Tal era su nivel tecnológico, que las mujeres que habían quedado embarazadas tras la implantación, transmitían al feto los nano robots. Lo descubrimos con gran pesar cuando ocurrió el último intento de huida. Unos padres intentaron escapar hacia las montañas con un niño recién nacido. Se decía que allí había una base militar subterránea. Tras capturarlos, sacrificaron al hombre y al bebé, perdonando a la madre como recordatorio viviente de su control sobre nosotros. Los nano robots hacían su trabajo, que paradójicamente era mantenernos con vida mientras fuéramos útiles y terminar con nosotros cuando fuera necesario.
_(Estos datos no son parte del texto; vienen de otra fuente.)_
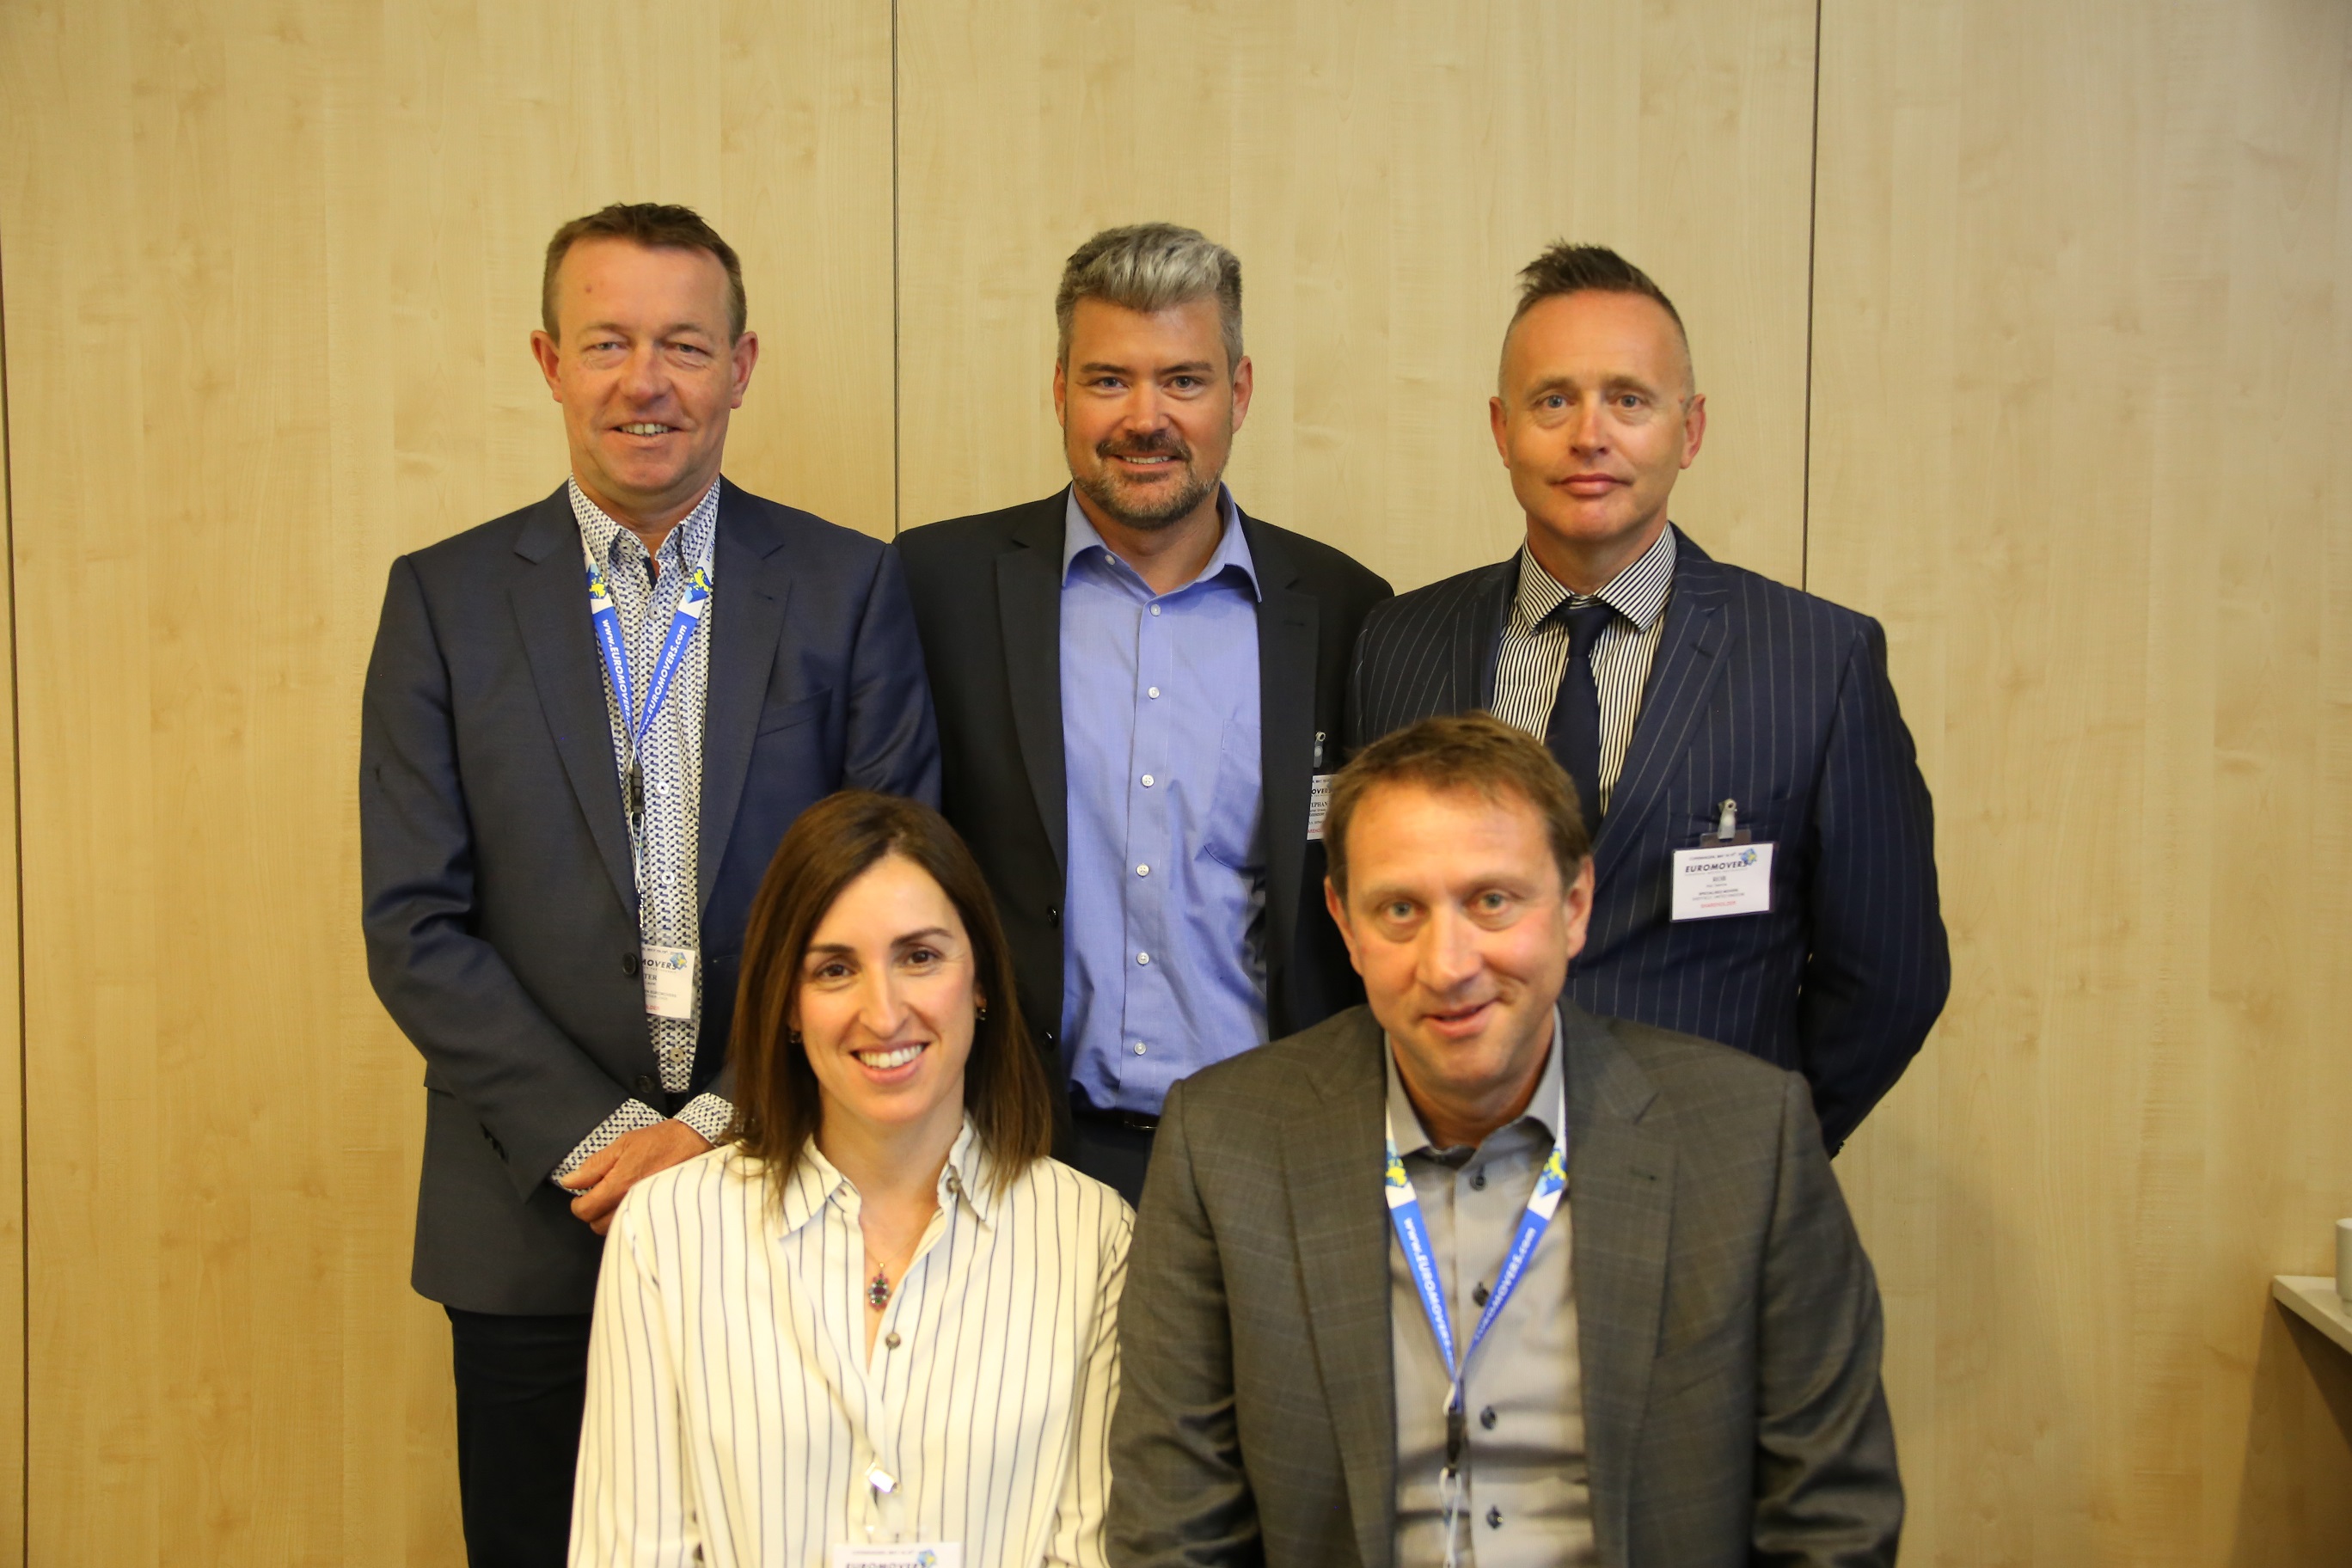 The new EUROMOVERS Board of Directors

Vivir con esos bichos dentro no era fácil, no era como desayunar todos los días lo mismo, o sentarse en la misma silla incómoda, uno no podía acostumbrarse.
Una mañana cualquiera, nos levantamos de los camastros y directamente nos dirigimos a situarnos en las filas que formábamos diariamente, delante de cada barracón. Cuando estuvimos todos, sonó un pitido y sabíamos que debíamos comenzar la marcha. Un alienígena vigilaba cada fila. Embutidos en un traje parecido al neopreno y con escafandras en forma de campana transparentes, llevaban unas pequeñas bombonas a la espalda sujetas con cinchas alrededor de sus brazos. Aunque parecían humanoides, su piel rojiza y sus cabezas redondas dejaban claro que no compartíamos absolutamente nada excepto la forma humanoide, si bien sus extremidades eran más alargadas.
Al oír el pitido el primero de cada fila comenzaba a andar, dirigiéndose hacia la mina, que estaba a un kilómetro escaso de nuestro campo de trabajo. Cuando nos encontrábamos a mitad de camino, sentí un calambre tremendo que me recorrió todo el cuerpo y no pude sino encorvarme presa de una tremenda tortura. Inexplicablemente vi cómo todos los demás se encogían de igual forma, embargados en el mismo dolor que en ese momento tenía dentro de mi cuerpo. No se oyó nada, no se vio nada, pero sentí como poco a poco se iba volviendo más soportable, hasta que remitió lo suficiente como para tomar una gran bocanada de aire y mirar alrededor.
Otros se estaban recuperando como yo, sin embargo los alienígenas se convulsionaban en el suelo, habían soltado las armas que llevaban y se oían unos horribles gritos que retumbaban en mis tímpanos de una forma que me perseguiría durante mucho tiempo.
El segundo de la fila, justo el que estaba delante de mí, de repente agarró una piedra y comenzó a golpear salvajemente el casco del alien que se agitaba en el suelo, e inmediatamente otros amigos y compañeros de sufrimiento vieron el momento de saltar sobre nuestros captores. Vi cómo al romperse el cristal, el alienígena intentaba respirar en vano, hasta que sus ojos negros se abrieron compulsivamente y se cerraron con un segundo párpado blanco, quedó con la boca abierta y en apariencia totalmente muerto. Pude observar el resto de grupos y prácticamente todos los alienígenas yacían inmóviles.
En ese momento se produjo un fuerte sonido de hélices vibrantes y aparecieron varios helicópteros descendiendo de la montaña. De la arboleda surgió un pequeño ejército de soldados liderados por el Capitán Fisher, quien nos organizó desde entonces.
Según habían concluido nuestros científicos, los nano robots estaban en simbiosis con los alienígenas, se encontraban tanto en sus máquinas como en sus cuerpos y les servían como soporte vital, sin ellos no podían sobrevivir. Los impulsos electromagnéticos convencionales no habían surtido ningún efecto sobre ellos, sin embargo, se había desarrollado en base a esta tecnología un PEM (pulso electromagnético) combinado con una radiación ionizante –lo llamaban PEMR- que terminaba con los nano robots, culminando en muerte para estos alienígenas. Su naturaleza se había vuelto tan vaga que ya no podían sobrevivir sin estas diminutas máquinas semibiológicas. Para los humanos afectados no suponía más que la desconexión de los nano robots de sus organismos.
La Gran Guerra había comenzado y costara lo que costara, recuperaríamos nuestro planeta.